Fixes #38709 - Fix hosts job status stuck in "Pending" by pavanshekar · Pull Request #999 · theforeman/foreman_remote_execution

pavanshekar · 2025-09-02T17:08:19Z

Fix hosts job status remaining "Pending" after completion

Testing steps:

Navigate to Monitor -> Jobs
Click on "Run Job" button
Job category -> Katello
Job template -> Install errata by search query - Katello Script Default
Filter the hosts and enter search query
Submit
Once the job completes successfully, the status should be updated accordingly (e.g., to "Success" or "Completed") for all associated hosts mentioned in the table.

ekohl

Is there a way to write a test for this?

adamruzicka

disclaimer:
I don't recall encountering the problem this is meant to fix and I have not tested this, all I wrote here is just me trying to reason about it.

How it is supposed to work:

When a job is created it spawns a "parent" task backing the whole job, that's @job_invocation.task
This parent task spawns child sub-tasks, one for every single host in the job
The parent task suspends itself and periodically (every 15 seconds or so) checks it children tasks
When all the child tasks are done, the parent marks itself as done

Assuming the code was like this for 5+ years and we're seeing it just now as we switched to the new job invocation page, intuitively I'd look for problems there.

If any of the assumptions I just mentioned don't hold (anymore), then this change feels like putting a band aid on a much deeper problem.

adamruzicka · 2025-09-02T19:12:57Z

app/controllers/job_invocations_controller.rb

    @job_organization = Taxonomy.find_by(id: @job_invocation.task.input[:current_organization_id])
    @job_location = Taxonomy.find_by(id: @job_invocation.task.input[:current_location_id])
-    @auto_refresh = @job_invocation.task.try(:pending?)
+    @auto_refresh = @job_invocation.task.try(:pending?) || has_pending_hosts?


The has_pending_host? only comes into play if @job_invocation.task.try(:pending?) returns a false-y value.
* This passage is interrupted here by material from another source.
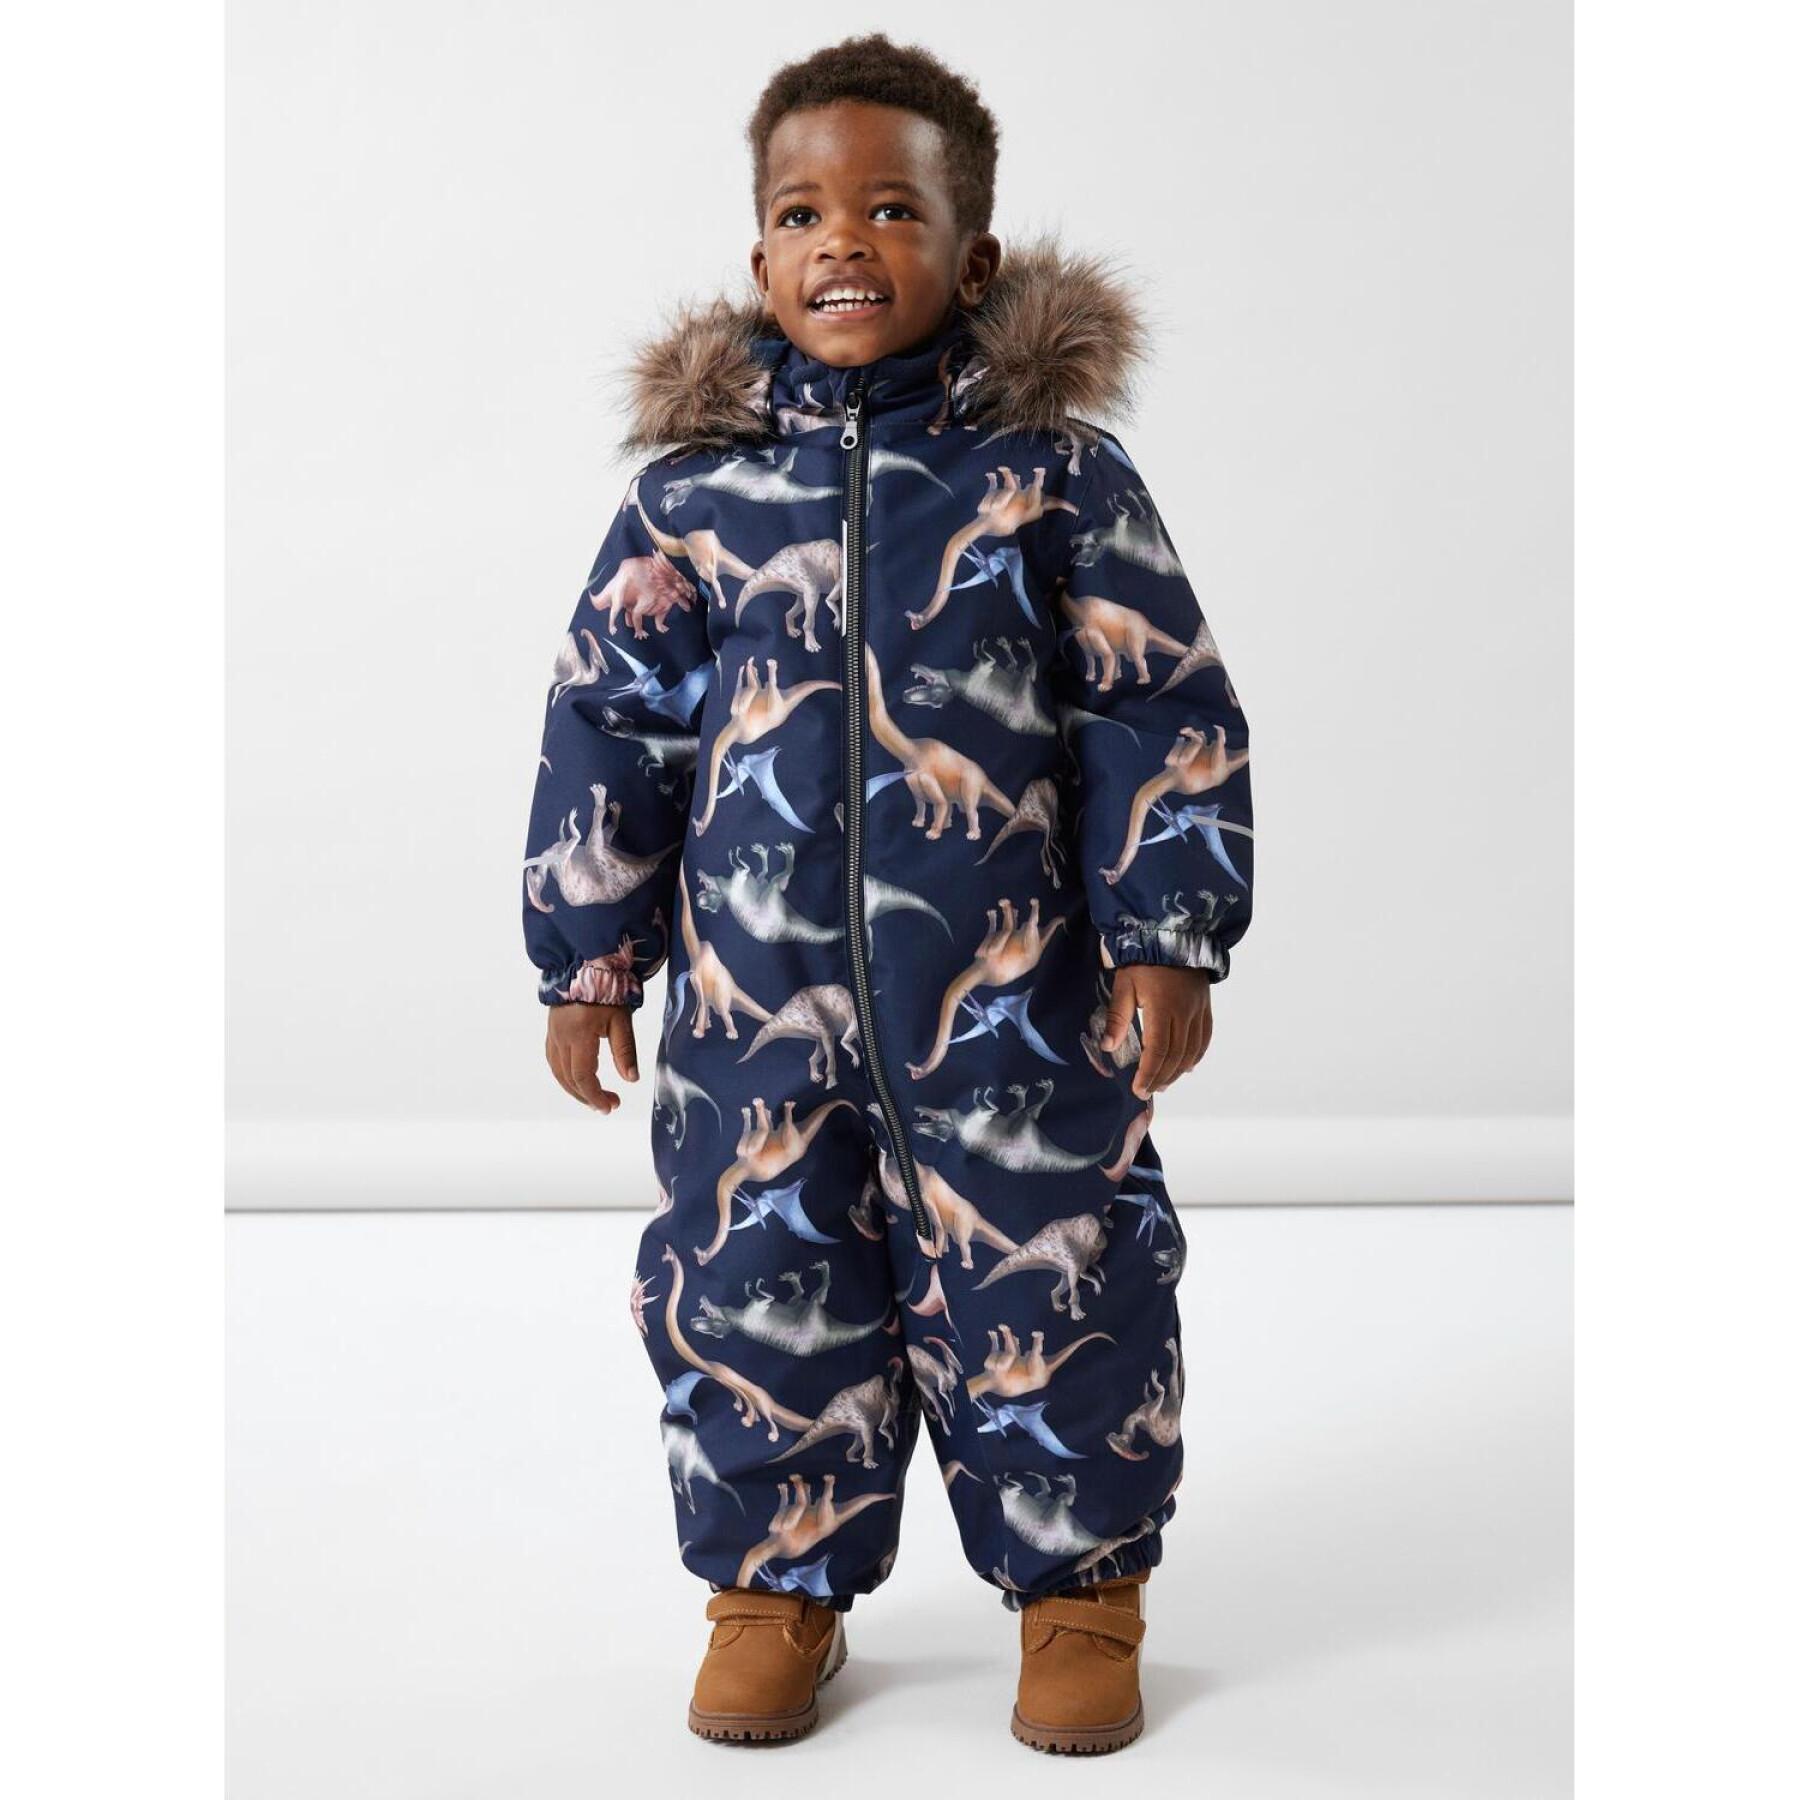 Baby suit Name it Snow10 Dino Dream

This can happen if either @job_invocation.task does not exist yet or if the task exists but is already done, which would imply all its children have already finished too.

If the @job_invocation.task does not exist yet, the child tasks cannot exist so has_pending_hosts? will be false as well.
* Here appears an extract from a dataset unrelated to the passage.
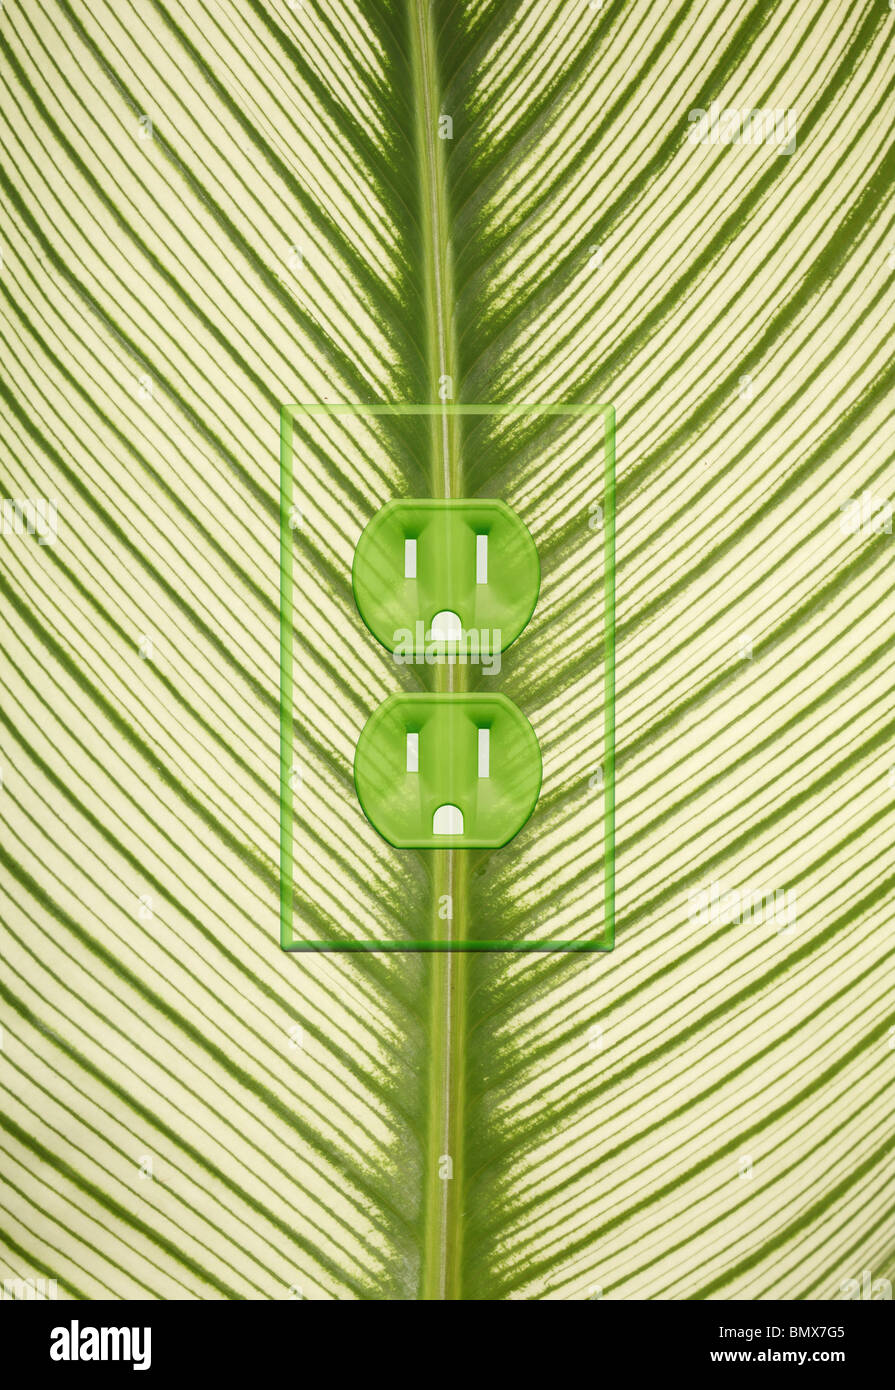 Une plante verte feuille avec une prise de courant sur le dos Banque D'Images

If @job_invocation.task.pending? returns false, then all its children should already be done too, so has_pending_hosts? should always be false too.

app/controllers/job_invocations_controller.rb

adamruzicka · 2025-09-03T14:57:16Z

Needs a rebase to make the conflict go away

Copilot

Pull Request Overview

This PR fixes an issue where host job statuses remain stuck in "Pending" state after job completion by implementing a manual refresh mechanism that triggers when auto-refresh is disabled.

Adds a refresh trigger mechanism to force table data updates when jobs finish
Implements useEffect hook to detect job completion and trigger refresh
Passes refresh trigger to the host table component to update API options

Reviewed Changes

Copilot reviewed 2 out of 2 changed files in this pull request and generated 1 comment.

File	Description
webpack/JobInvocationDetail/index.js	Adds refresh trigger state and effect to detect job completion
webpack/JobInvocationDetail/JobInvocationHostTable.js	Accepts refresh trigger prop and updates API options to force data refresh

_{Tip: Customize your code reviews with copilot-instructions.md. Create the file or learn how to get started.}

Copilot · 2025-09-03T15:06:55Z

webpack/JobInvocationDetail/JobInvocationHostTable.js

+        params: { ...prev.params }
+      }));
+      setAllAPIOptions(prev => ({ 
+        ...prev, 
+        params: { ...prev.params }


The useEffect creates new objects with identical content ({ ...prev.params }), which may not trigger a re-fetch since the params remain the same. Consider adding a timestamp or cache-busting parameter to force the API refresh, such as params: { ...prev.params, _refresh: Date.now() }.

Suggested change

params: { ...prev.params }

}));

setAllAPIOptions(prev => ({

...prev,

params: { ...prev.params }

params: { ...prev.params, _refresh: Date.now() }

}));

setAllAPIOptions(prev => ({

...prev,

params: { ...prev.params, _refresh: Date.now() }

kmalyjur · 2025-09-09T08:23:32Z

@pavanshekar I couldn't reproduce the exact job from your testing steps, but when I test this on a job that starts in a pending state, I see the update happen in two steps after it finishes:

The chart updates correctly
The status in the table takes a few extra seconds to catch up

Is that the same behavior you were seeing? I'm looking into the code more.

pavanshekar · 2025-09-09T12:34:46Z

@pavanshekar I couldn't reproduce the exact job from your testing steps, but when I test this on a job that starts in a pending state, I see the update happen in two steps after it finishes:

The chart updates correctly

The status in the table takes a few extra seconds to catch up

Is that the same behavior you were seeing? I'm looking into the code more.

Yes, that's the behavior I am seeing! The fix addresses the issue by implementing a refreshTrigger mechanism that forces a table refresh when the job finishes - previously the table would remain stuck in "Pending" status even after successful completion because it wasn't properly refreshing the data, so now it triggers a fresh API call with a timestamp parameter to ensure the table gets the updated status immediately.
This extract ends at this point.